Exercise instructions |
Print the listing below in its entirety, character for character.

Data in this exercise |

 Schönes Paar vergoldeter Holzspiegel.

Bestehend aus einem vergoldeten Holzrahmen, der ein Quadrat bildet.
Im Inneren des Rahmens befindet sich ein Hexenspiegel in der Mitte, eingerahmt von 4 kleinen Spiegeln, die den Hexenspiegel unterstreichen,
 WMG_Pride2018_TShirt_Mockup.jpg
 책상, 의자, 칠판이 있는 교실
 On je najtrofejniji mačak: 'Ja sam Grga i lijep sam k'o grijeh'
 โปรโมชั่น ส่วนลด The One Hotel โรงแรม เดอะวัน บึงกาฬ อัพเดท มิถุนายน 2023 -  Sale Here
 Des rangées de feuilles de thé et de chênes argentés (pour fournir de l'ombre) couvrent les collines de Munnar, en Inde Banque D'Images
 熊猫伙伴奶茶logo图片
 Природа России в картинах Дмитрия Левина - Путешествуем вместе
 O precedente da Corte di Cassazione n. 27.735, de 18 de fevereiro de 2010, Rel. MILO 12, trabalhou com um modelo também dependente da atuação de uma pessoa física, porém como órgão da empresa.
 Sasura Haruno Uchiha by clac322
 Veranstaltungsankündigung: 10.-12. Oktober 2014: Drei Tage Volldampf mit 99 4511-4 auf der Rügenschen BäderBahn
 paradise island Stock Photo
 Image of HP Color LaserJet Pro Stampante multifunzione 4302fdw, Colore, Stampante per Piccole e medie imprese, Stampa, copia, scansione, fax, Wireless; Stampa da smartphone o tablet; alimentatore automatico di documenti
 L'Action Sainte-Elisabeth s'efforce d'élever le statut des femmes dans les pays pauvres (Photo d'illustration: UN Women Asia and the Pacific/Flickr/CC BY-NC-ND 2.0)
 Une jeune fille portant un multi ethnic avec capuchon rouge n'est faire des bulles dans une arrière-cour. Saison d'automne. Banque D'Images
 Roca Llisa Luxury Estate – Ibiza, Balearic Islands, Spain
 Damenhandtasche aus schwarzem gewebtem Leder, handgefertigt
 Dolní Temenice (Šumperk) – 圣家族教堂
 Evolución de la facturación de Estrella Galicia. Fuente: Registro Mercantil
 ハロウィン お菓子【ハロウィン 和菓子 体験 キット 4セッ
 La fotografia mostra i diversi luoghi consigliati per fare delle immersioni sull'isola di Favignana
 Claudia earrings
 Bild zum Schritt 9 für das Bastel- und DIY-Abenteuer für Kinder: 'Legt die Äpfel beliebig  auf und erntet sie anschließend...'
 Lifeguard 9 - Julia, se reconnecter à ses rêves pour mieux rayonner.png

Task response |
 Schönes Paar vergoldeter Holzspiegel.

Bestehend aus einem vergoldeten Holzrahmen, der ein Quadrat bildet.
Im Inneren des Rahmens befindet sich ein Hexenspiegel in der Mitte, eingerahmt von 4 kleinen Spiegeln, die den Hexenspiegel unterstreichen,
 WMG_Pride2018_TShirt_Mockup.jpg
 책상, 의자, 칠판이 있는 교실
 On je najtrofejniji mačak: 'Ja sam Grga i lijep sam k'o grijeh'
 โปรโมชั่น ส่วนลด The One Hotel โรงแรม เดอะวัน บึงกาฬ อัพเดท มิถุนายน 2023 -  Sale Here
 Des rangées de feuilles de thé et de chênes argentés (pour fournir de l'ombre) couvrent les collines de Munnar, en Inde Banque D'Images
 熊猫伙伴奶茶logo图片
 Природа России в картинах Дмитрия Левина - Путешествуем вместе
 O precedente da Corte di Cassazione n. 27.735, de 18 de fevereiro de 2010, Rel. MILO 12, trabalhou com um modelo também dependente da atuação de uma pessoa física, porém como órgão da empresa.
 Sasura Haruno Uchiha by clac322
 Veranstaltungsankündigung: 10.-12. Oktober 2014: Drei Tage Volldampf mit 99 4511-4 auf der Rügenschen BäderBahn
 paradise island Stock Photo
 Image of HP Color LaserJet Pro Stampante multifunzione 4302fdw, Colore, Stampante per Piccole e medie imprese, Stampa, copia, scansione, fax, Wireless; Stampa da smartphone o tablet; alimentatore automatico di documenti
 L'Action Sainte-Elisabeth s'efforce d'élever le statut des femmes dans les pays pauvres (Photo d'illustration: UN Women Asia and the Pacific/Flickr/CC BY-NC-ND 2.0)
 Une jeune fille portant un multi ethnic avec capuchon rouge n'est faire des bulles dans une arrière-cour. Saison d'automne. Banque D'Images
 Roca Llisa Luxury Estate – Ibiza, Balearic Islands, Spain
 Damenhandtasche aus schwarzem gewebtem Leder, handgefertigt
 Dolní Temenice (Šumperk) – 圣家族教堂
 Evolución de la facturación de Estrella Galicia. Fuente: Registro Mercantil
 ハロウィン お菓子【ハロウィン 和菓子 体験 キット 4セッ
 La fotografia mostra i diversi luoghi consigliati per fare delle immersioni sull'isola di Favignana
 Claudia earrings
 Bild zum Schritt 9 für das Bastel- und DIY-Abenteuer für Kinder: 'Legt die Äpfel beliebig  auf und erntet sie anschließend...'
 Lifeguard 9 - Julia, se reconnecter à ses rêves pour mieux rayonner.png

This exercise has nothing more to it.